# [PROBLEM TO WORK ON]
Please copy, exactly as they appear below, the lines from the one containing "Nowoczesna, czerwono biała kuchnia Ikea" through the one containing "Go Challenge Puzzle".

----- RECORDS FOR THE EXERCISE -----

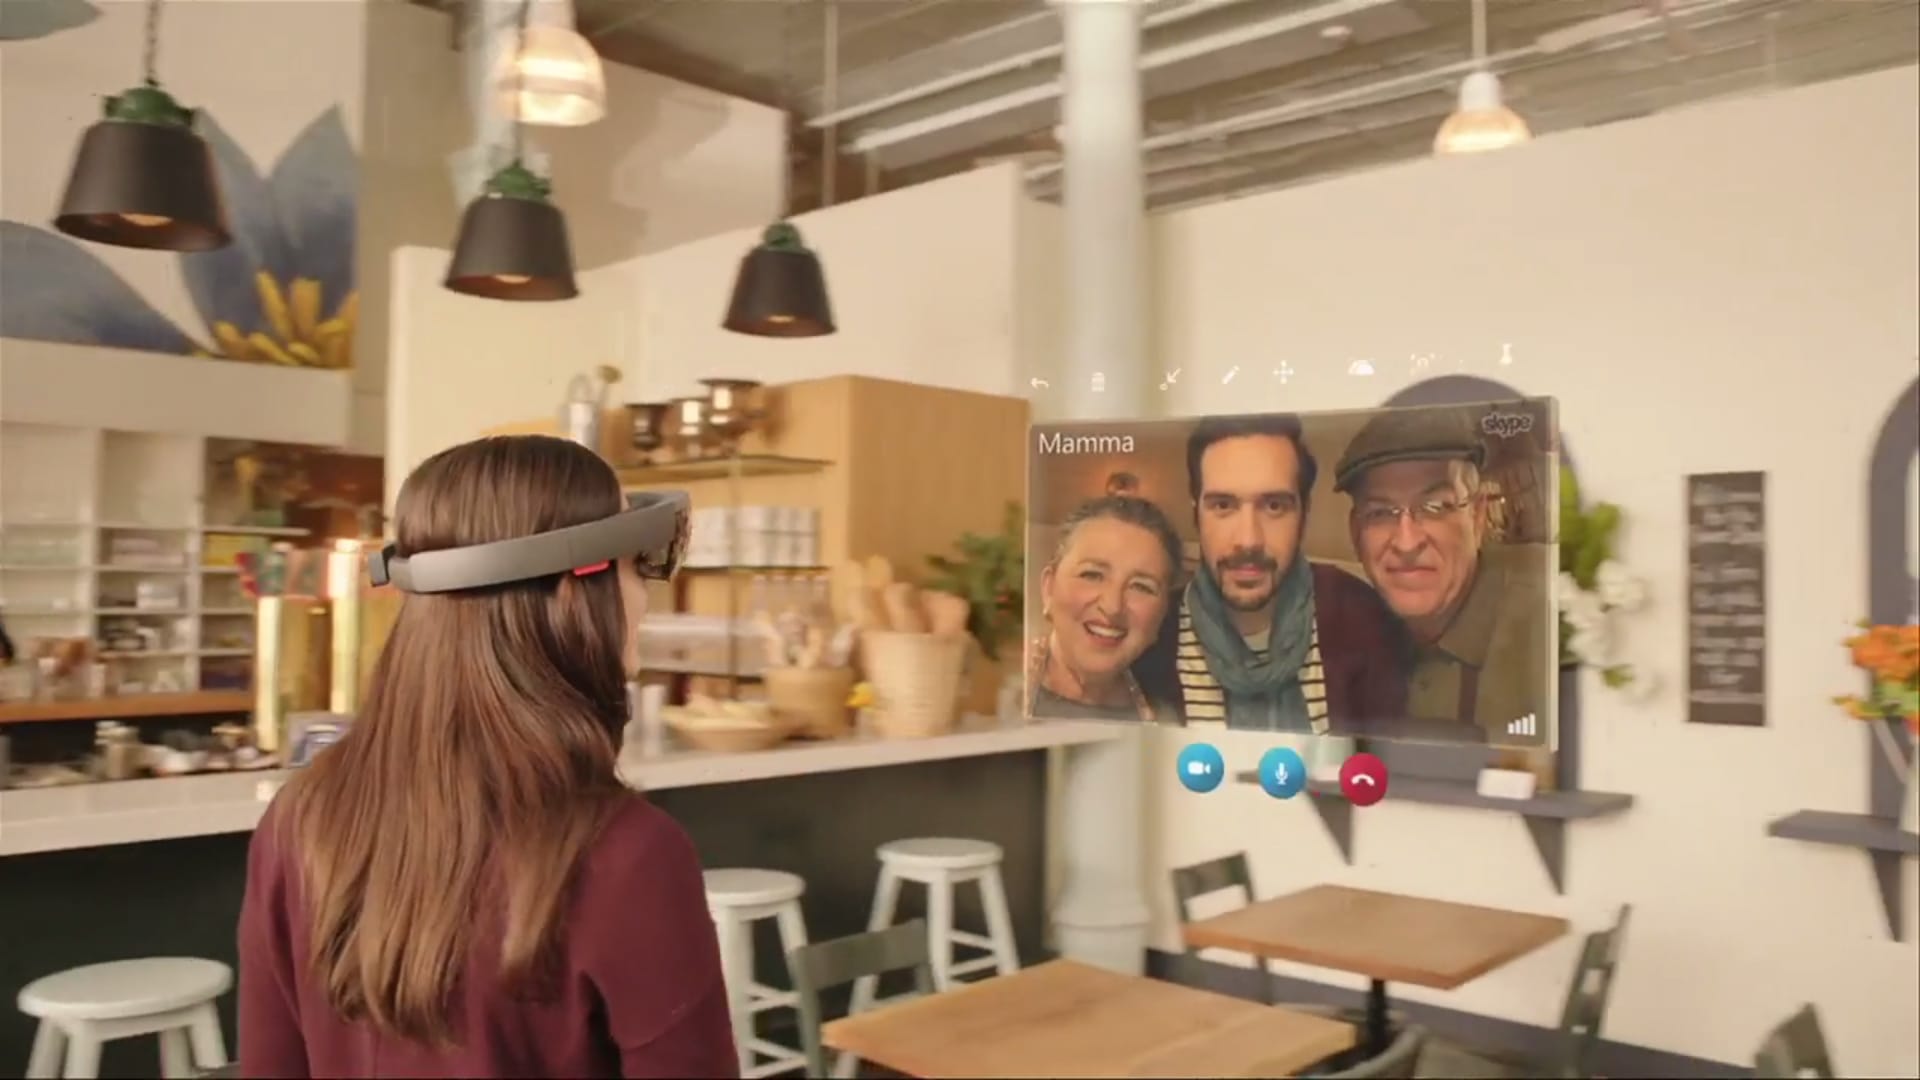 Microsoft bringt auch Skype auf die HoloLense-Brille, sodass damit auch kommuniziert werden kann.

-----
----- RECORDS FOR THE EXERCISE -----

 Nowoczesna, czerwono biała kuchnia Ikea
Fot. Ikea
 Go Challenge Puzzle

-----

# [SOLUTION TO THIS PROBLEM]
 Nowoczesna, czerwono biała kuchnia Ikea
Fot. Ikea
 Go Challenge Puzzle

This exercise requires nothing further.